The relationship between sex work, narcotics, organized crime, drugs, and misogynistic horrors is plain for all to see in Crime Scene: The Times Square Killer. Author Melinda Chateauvert discusses moving away from “shameful” terms like “prostitute,” and blames offenses against sex workers on the profession’s illegality. Berlinger’s docuseries, however, suggests that these various elements are all inevitable bedfellows, and that Cottingham’s killing spree went on for so long less because of pervasive negative attitudes toward sex workers—from police or the public at large—than because of more basic systemic issues: a lack of interstate communication between police, rudimentary criminal databases, and an absence of DNA technology. To be sure, Cottingham deliberately terrorized and killed prostitutes because they were marginalized targets who wouldn’t be missed by most. Yet the underlying key to his success at evading capture was an antiquated investigative machine ill-equipped to nab such a madman.

“Yet the underlying key to his success at evading capture was an antiquated investigative machine ill-equipped to nab such a madman.”

A break in the case came from an unlikely source: Bergen County, New Jersey, where one murdered woman was found at the Quality Inn Motel, and another was discovered at a nearby apartment complex. When an additional would-be victim escaped the clutches of an assailant at the Quality Inn, police finally had their man: Cottingham, a Lodi, New Jersey, resident who worked as a computer operator at Blue Cross Blue Shield right near Times Square. Though he proclaimed his innocence, the evidence found in his home’s “trophy room” dispelled any doubts about his guilt.
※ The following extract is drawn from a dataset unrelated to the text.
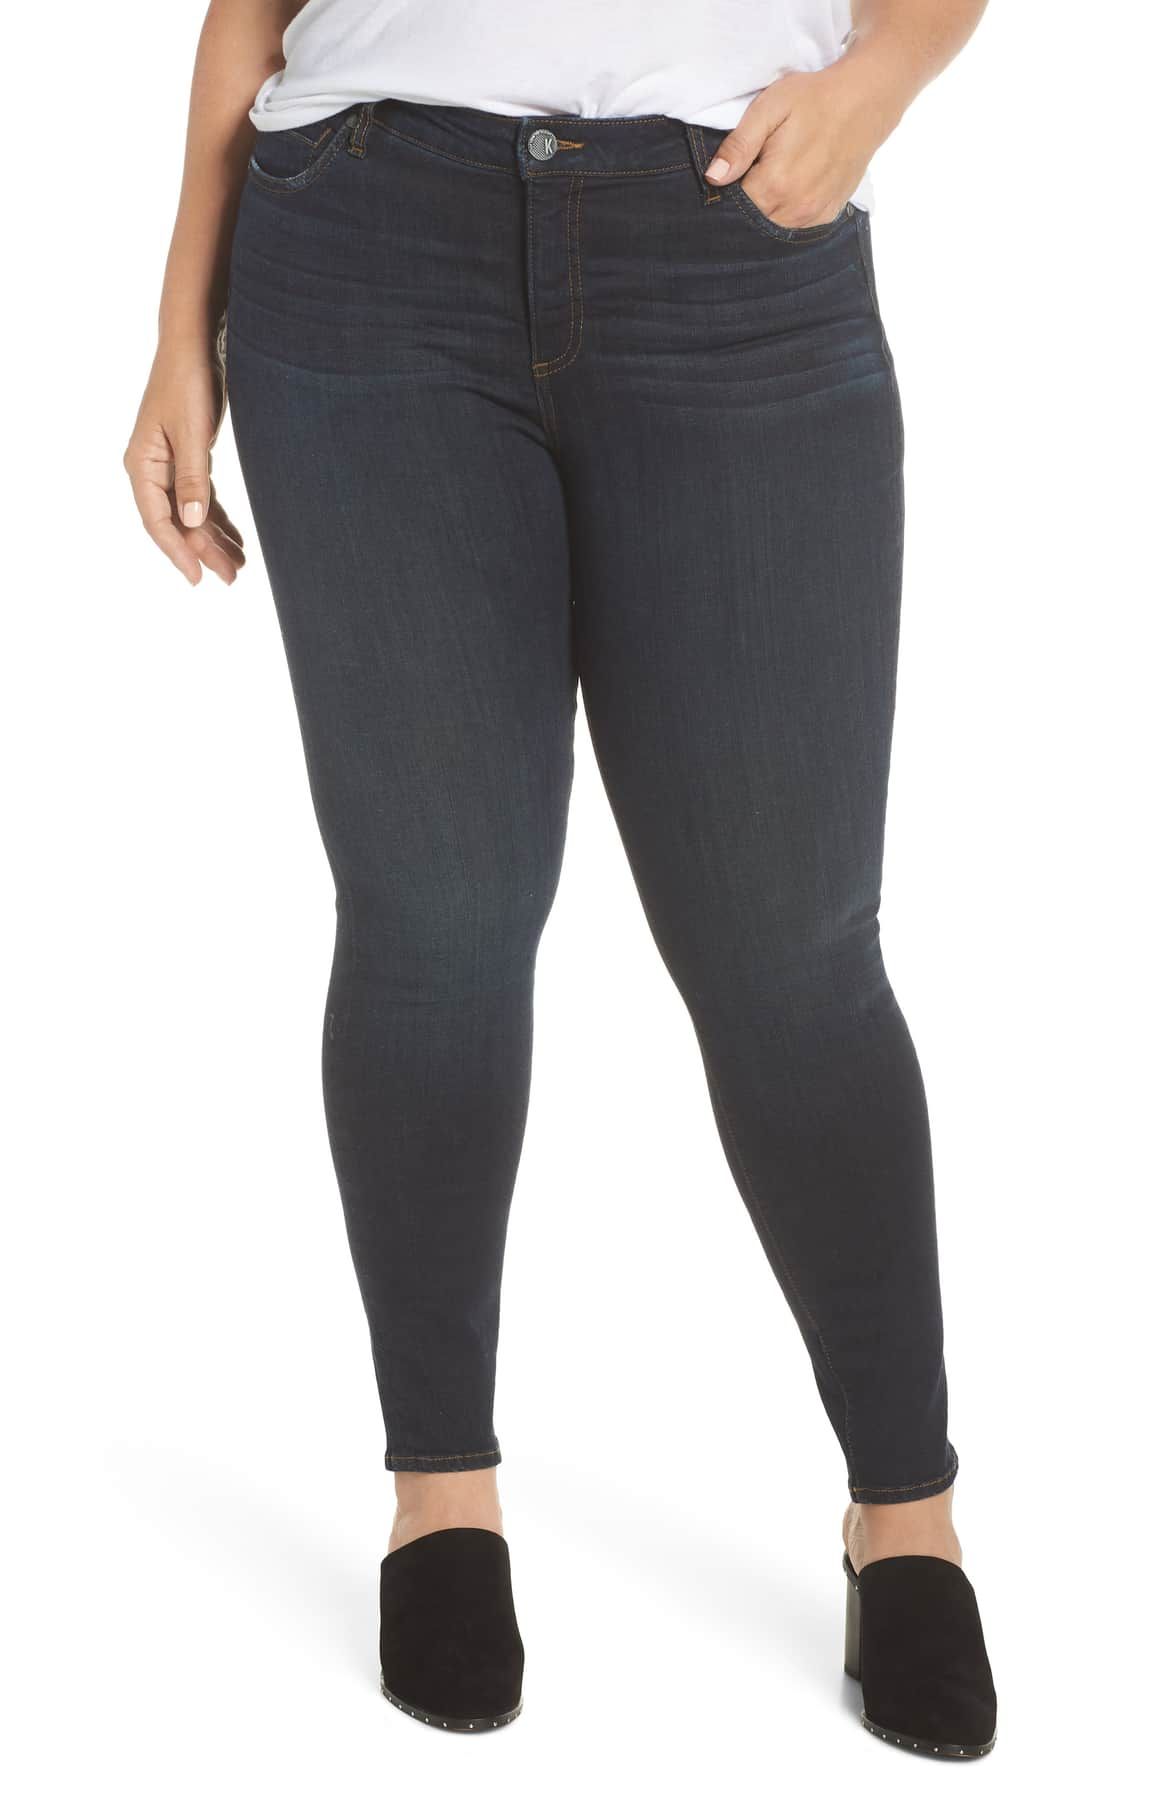 The Best Jeans for Curvy Women | Who What Wear

In Crime Scene: The Times Square Killer, Cottingham’s coworker Dominick Volpe provides numerous anecdotes about Cottingham voicing his perverse tastes to anyone who would listen. In the process, he provides a window into the cold, sociopathic arrogance and entitlement that drove Cottingham to commit his atrocities, which also included numerous rapes and—according to Cottingham himself—as many as 105 total slayings over the course of his homicidal career.

Netflix

In a recent video interview with journalist Nadia Fezzani, the 75-year-old Cottingham (looking like the most evil Santa Claus ever) explains, “It was a game to me. It was mainly psychological. I was able to get almost any woman to do whatever I wanted them to do, psychologically. Or through the threat, or the implied threat, of being hurt, of being hurt sometimes. It’s God-like, almost. You’re in complete control of somebody’s destiny.”

Whether he was as prolific as he claims, Cottingham was a monster who took advantage of Times Square’s anything-goes atmosphere to hunt, maul and desecrate to his heart’s content, and he rightfully earned every one of the 200-plus years he received behind bars (via multiple trials). Crime Scene: The Times Square Killer occasionally pads its runtime with sociological detours that, however relevant, could have been handled in swifter fashion; as with many other likeminded endeavors, the series comes across as an episode too long. Nonetheless, with engrossing precision, it casts Cottingham’s tale as a case study in both sociopathic cruelty, and the ways in which a misogynistic culture allowed it to flourish.